The Church Commission had many recommendations to address these problems, but the primary one was accountability.  As Frank Church’s letter of transmittal of his report to the full Senate said:

“The Committee’s findings and conclusions concerning abuses in intelligence activity and weaknesses in the system of accountability and control are amply documented.” 

What’s really stunning about the Church Report is the plain understanding that accountability begins with a full and open public debate about the activities in which the intelligence community was engaged.  Where today many have decried the harm done by intelligence disclosures – and who among us really does want the national security endangered? – the Church Committee saw disclosures as an opportunity for much needed reform.

“The Committee’s hope is that this report will provoke a national debate not on ‘Who did it?’, but on “How did it happen and what can be done to keep it from happening again?” 
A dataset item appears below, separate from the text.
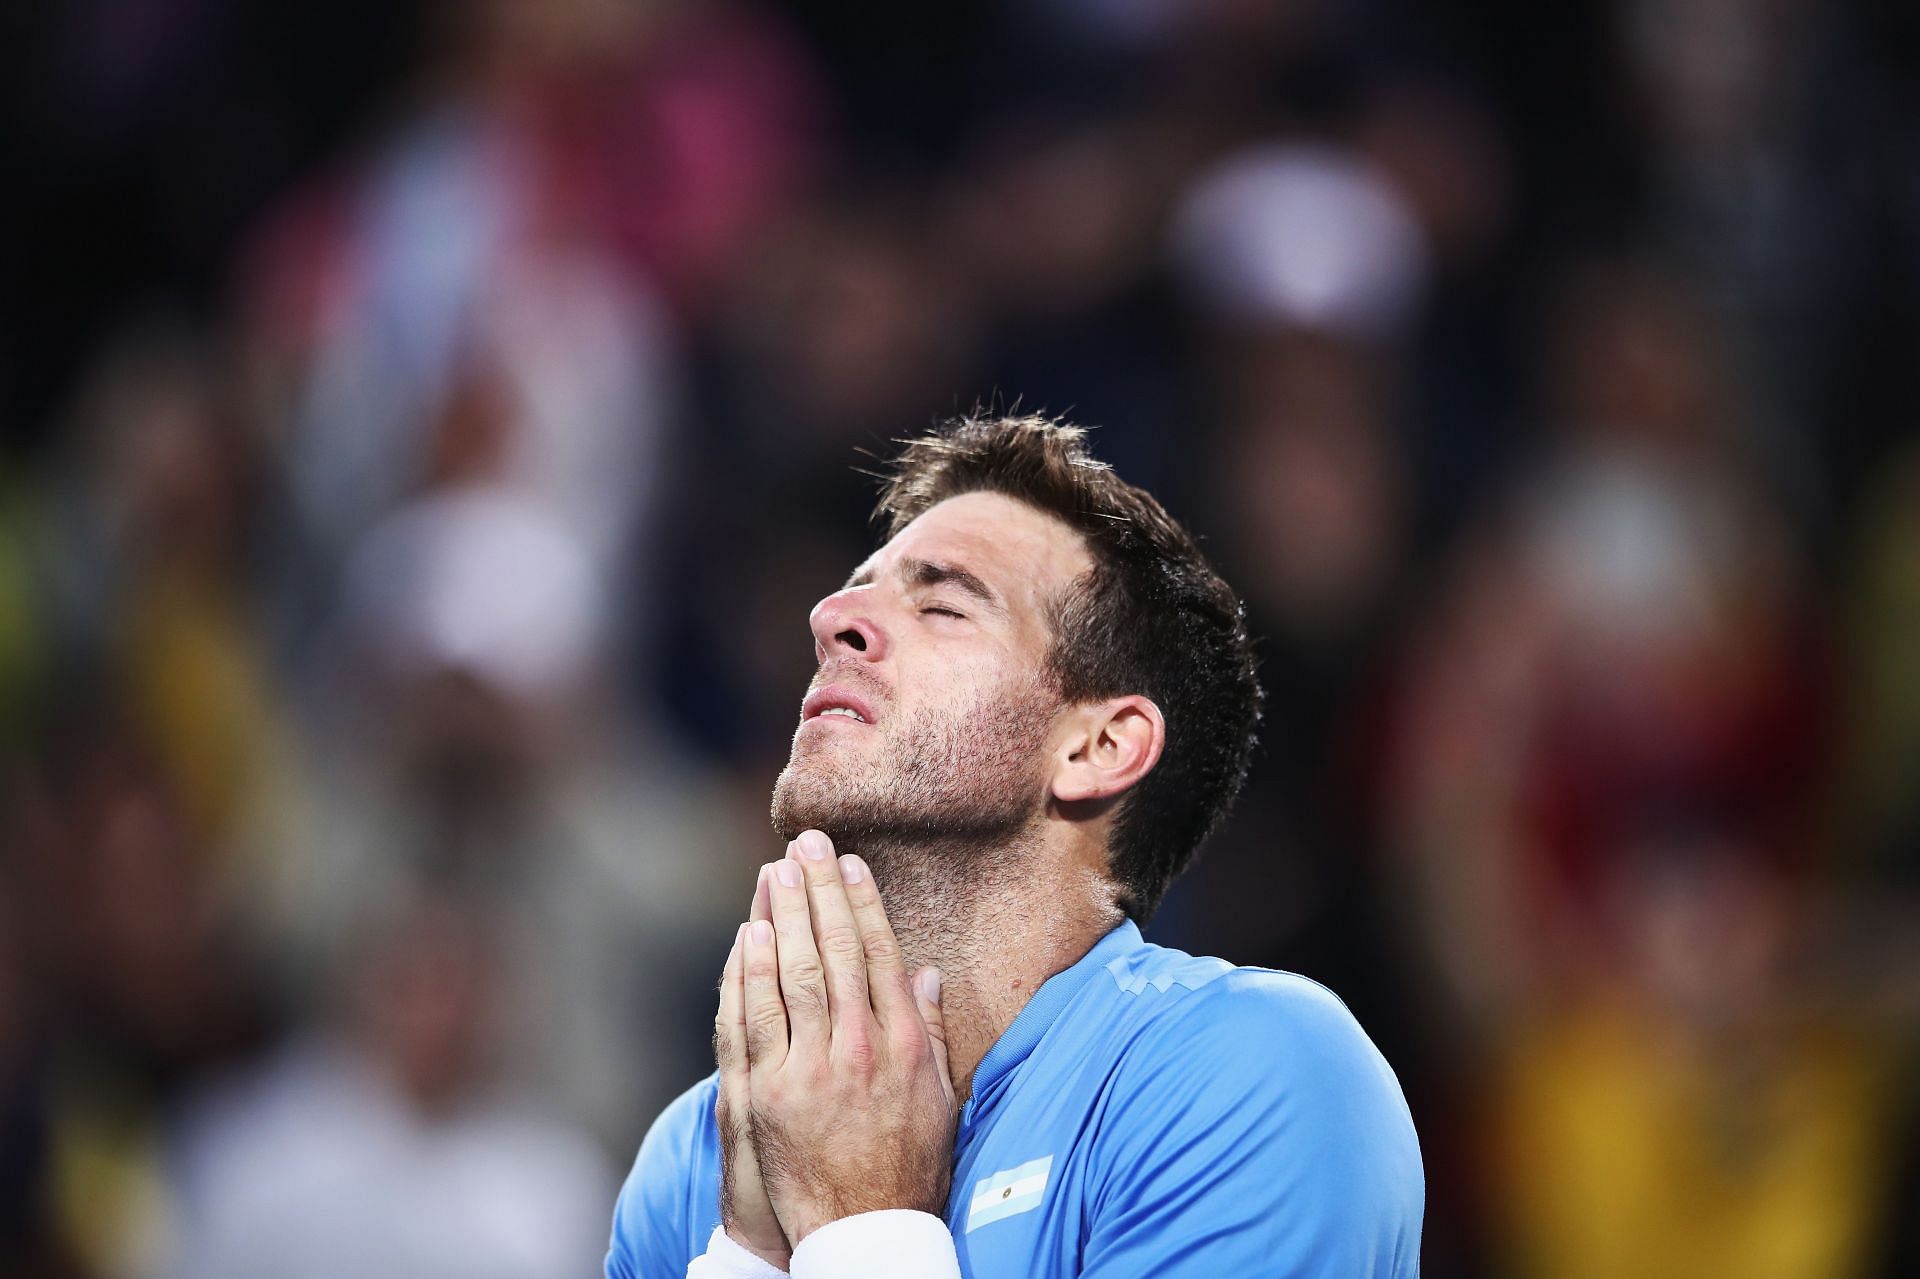 Service numbers will be key for Juan Martin del Potro.

The Church Commission recommended Congress fix what had been a “failure to apply the wisdom of the constitutional system of checks and balances to intelligence activities”:

“The founding fathers foresaw excess as the inevitable consequence of granting any part of government unchecked power.  This has been demonstrated in the intelligence field where, too often, constitutional principles were subordinated to a pragmatic course of permitting desired ends to dictate and justify improper means.”

The stream of revelations about NSA spying has made clear that when it comes to accountability, the FISA and related structures are simply not doing their jobs.  Provisions in the USA-Freedom Act for a Special Advocate to make FISA proceedings adversarial, and to assure some of those rulings are public, are a bare beginning.  But at some level what is really disappointing is the extent to which Members of Congress have been aware of what was happening and did nothing about it, or felt the extent of NSA spying was appropriate.  Or who have been – to use a reference rapidly being overdone – “shocked, shocked” to find USA-Patriot Act amendments have been read so broadly.  Once again, the Church Committee said it best:

“Congress has often declined to exercise meaningful oversight, and on occasion has passed laws or made statements which were taken by intelligence agencies as supporting overly-broad investigations.”